Amazon-Owned Twitch No Longer Allowing Users to Share Content From Gambling Websites After Sliker Scam
Amazon’s gaming-focused streaming platform Twitch will no longer let users share content from websites that offer slots, roulette, or dice games if the site does not hold a license in the U.S. or another jurisdiction that provides “sufficient consumer protection,” Twitch said in a statement. The updated gambling policy comes shortly after a popular streamer known as Sliker confessed to scamming his Twitch viewers out of $200,000 to fuel his own video game gambling addiction.
Silker, whose real name is Abraham Mohammed, routinely asked his Twitch audience to send him money claiming he needed the cash due to issues with his bank account, according to Kotaku. He recently admitted that the real reason was he used the money to buy weapon skins on the items marketplace in the Counter-Strike: Global Offensive video game.

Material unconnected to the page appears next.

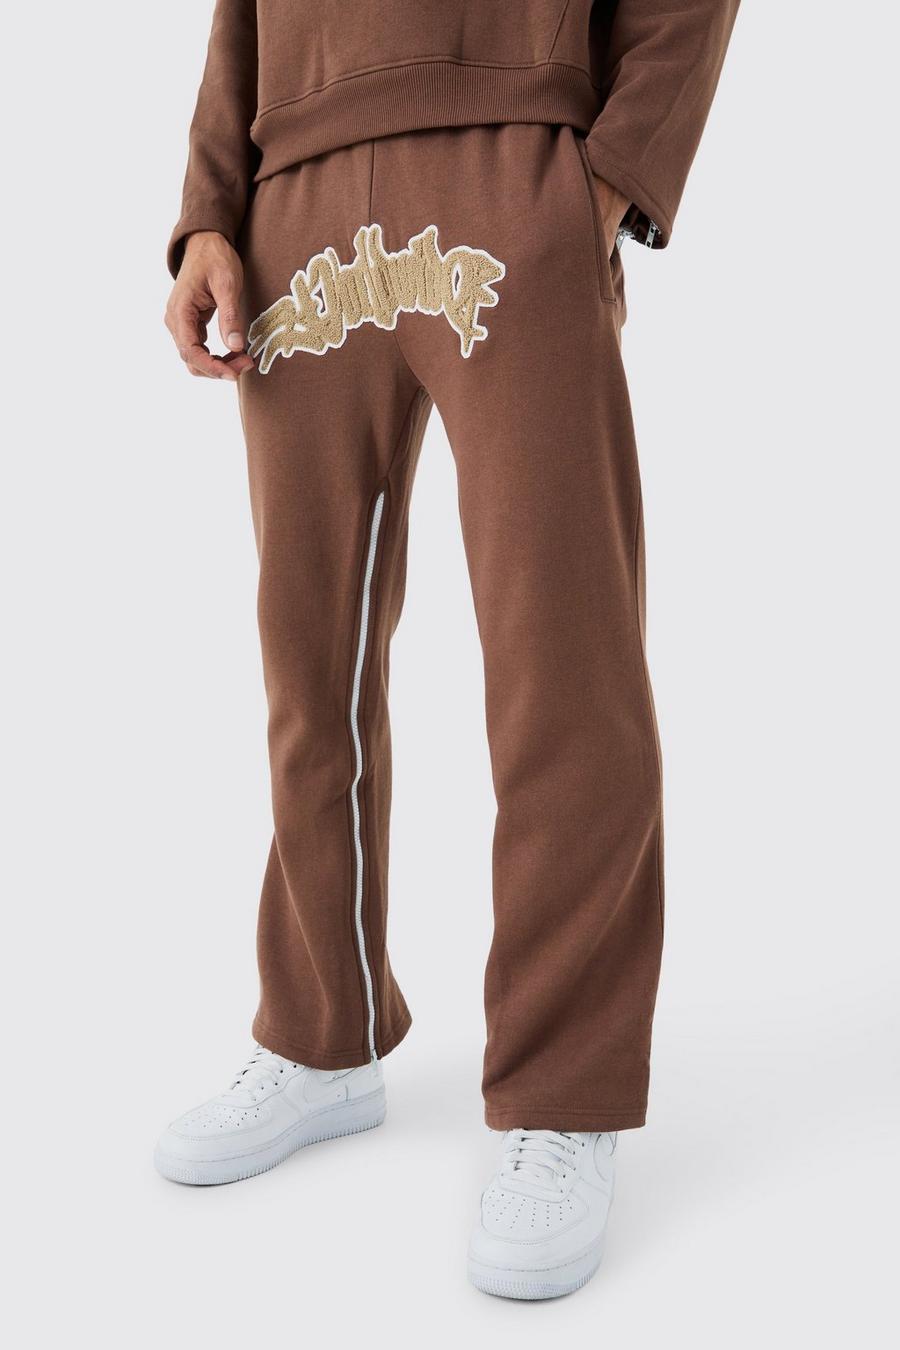 Pantaloni tuta Worldwide con inserti, applique e zip, Chocolate

Many Twitch streamers have sponsorships with gambling operators, but Twitch will no longer let users share links or referral codes to gambling sites including Stake.com, Rollbit.com, Duelbits.com and Roobet.com. Stake.com, which brands itself as a crypto casino and sports betting platform, has sponsorships with UFC and Premier League club Everton.
Twitch’s new policy will go into effect on Oct. 18. “We will continue to allow websites that focus on sports betting, fantasy sport, and poker” reads Twitch’s statement.
The NFL and Amazon livestream Thursday Night Football games for free on Twitch. Other leagues to stream games on Twitch include the NWSL and English Premier League, as well as NBC’s Olympic programming. Twitch’s parent company Amazon recently signed a deal with DraftKings to provide gambling odds on a pre-game show for Thursday Night Football on Prime Video.